Wednesday, December 10, 2014

A winter's hike around the village of Malaucène

Yesterday I was around the village of Malaucène, tucked on the north face of Mont Ventoux, checking our self-guided route notes for holiday: Under the silhouette of Mont Ventoux

The air was crisp, below freezing on the slopes, but the light beautiful, and so serene. I didn't see another walker all day.





Malaucène doesn't boast the same jaw-dropping scenery as some of the villages in the Luberon, but it remains authentic, picturesque, quaint. Dilapidated façades, real cafés where yesterday the locals were smoking indoors, older men playing cards and chess, women wrapped in winter gear buying produce at the market (yesterday was Wednesday, the village market day). No fancy cars, and no cameras... except mine...  





The camera wasn't working during the hike itself, which took me up to the chapel Saint Sidoine on the northern slopes of the mountain. Ventoux is an isolated mountain, and you need only climb 200-300m before the views are wide sweeping. Perched above a jagged cliff, the chapel became my short sandwich break before the steep slopes led me back down to the plains.

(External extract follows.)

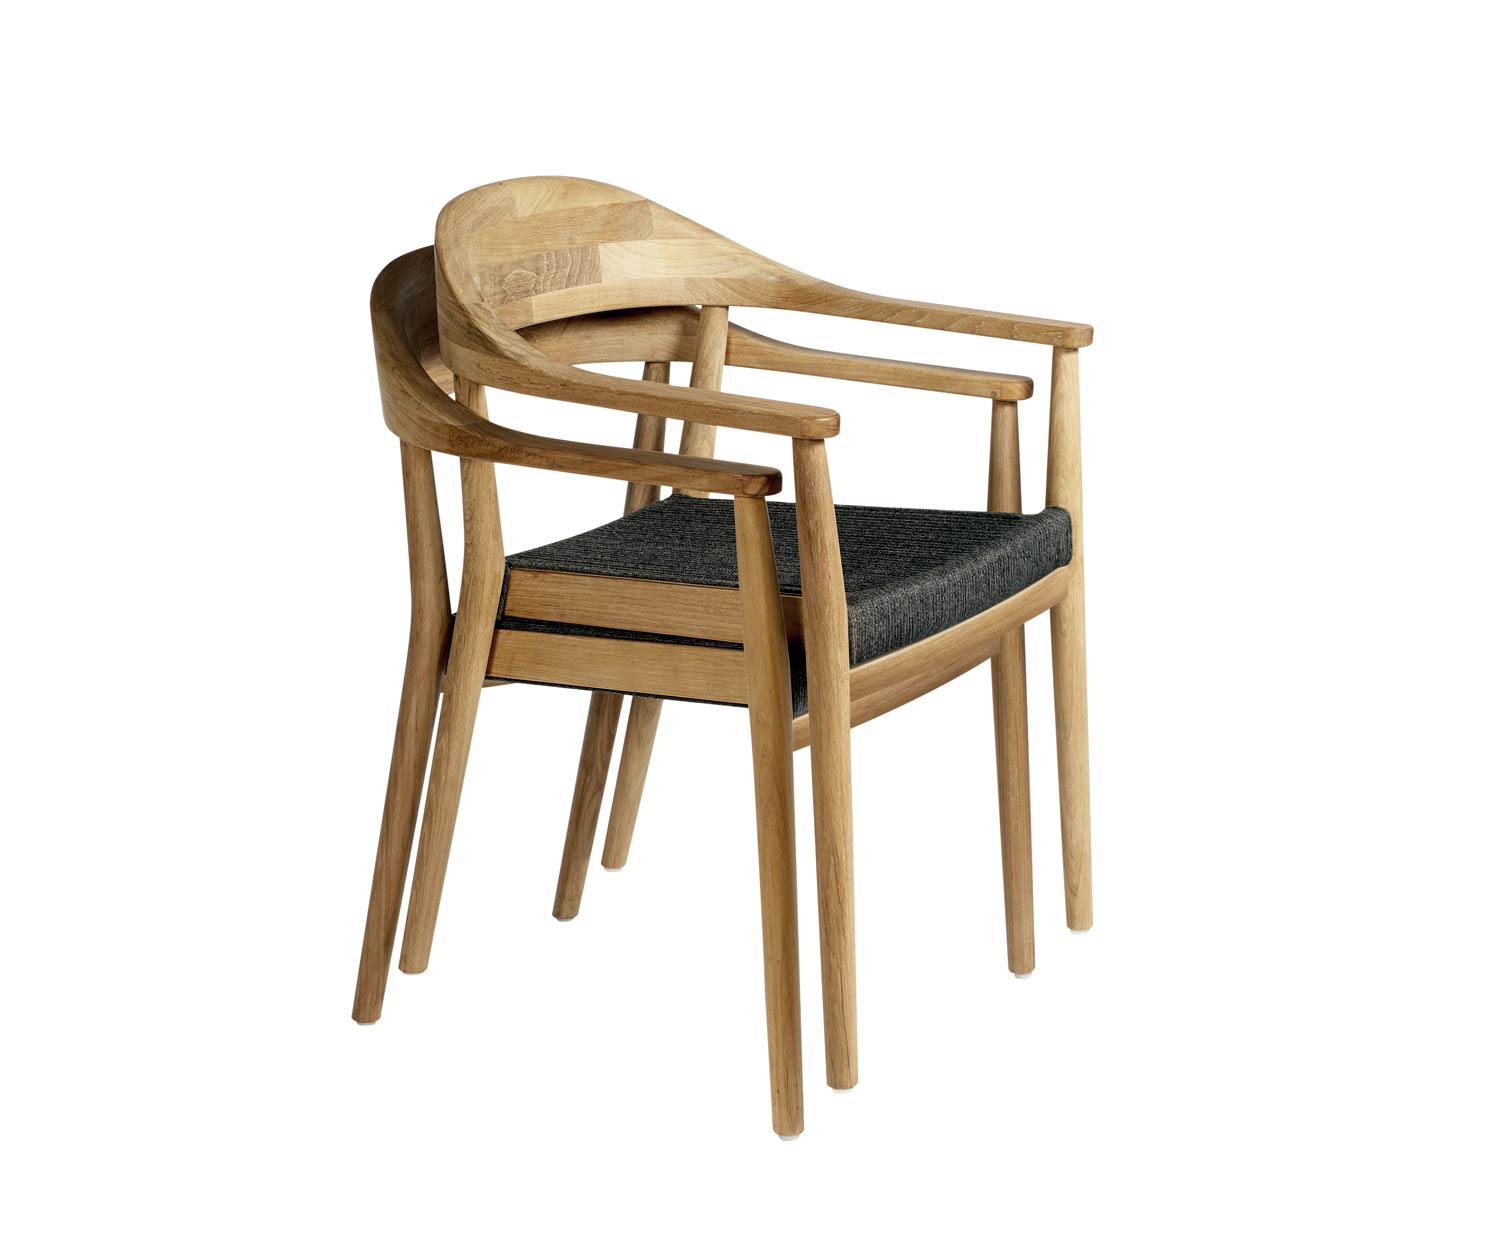 Oasiq La chaise Design Copenhagen est empilable jusqu'à deux chaises

The plains are carpeted with cherry orchards, vines, truffle oak plantations, and framing a few sleepy hamlets. Below is a lone persimmon tree. It took a while to find a ripe one that hadn't rotted, but it was the sweetest thing I'd eaten in a long time.






The truffle oak below sits on a clearly parched surface, where there is no vegetation. it's a clue that there are truffles below. The truffle is a very finicky mushroom, and isn't keen to grow amid other vegetation. In fact, it'll send up a toxic substance that kills the vegetation at the surface of the tree, hence the clue.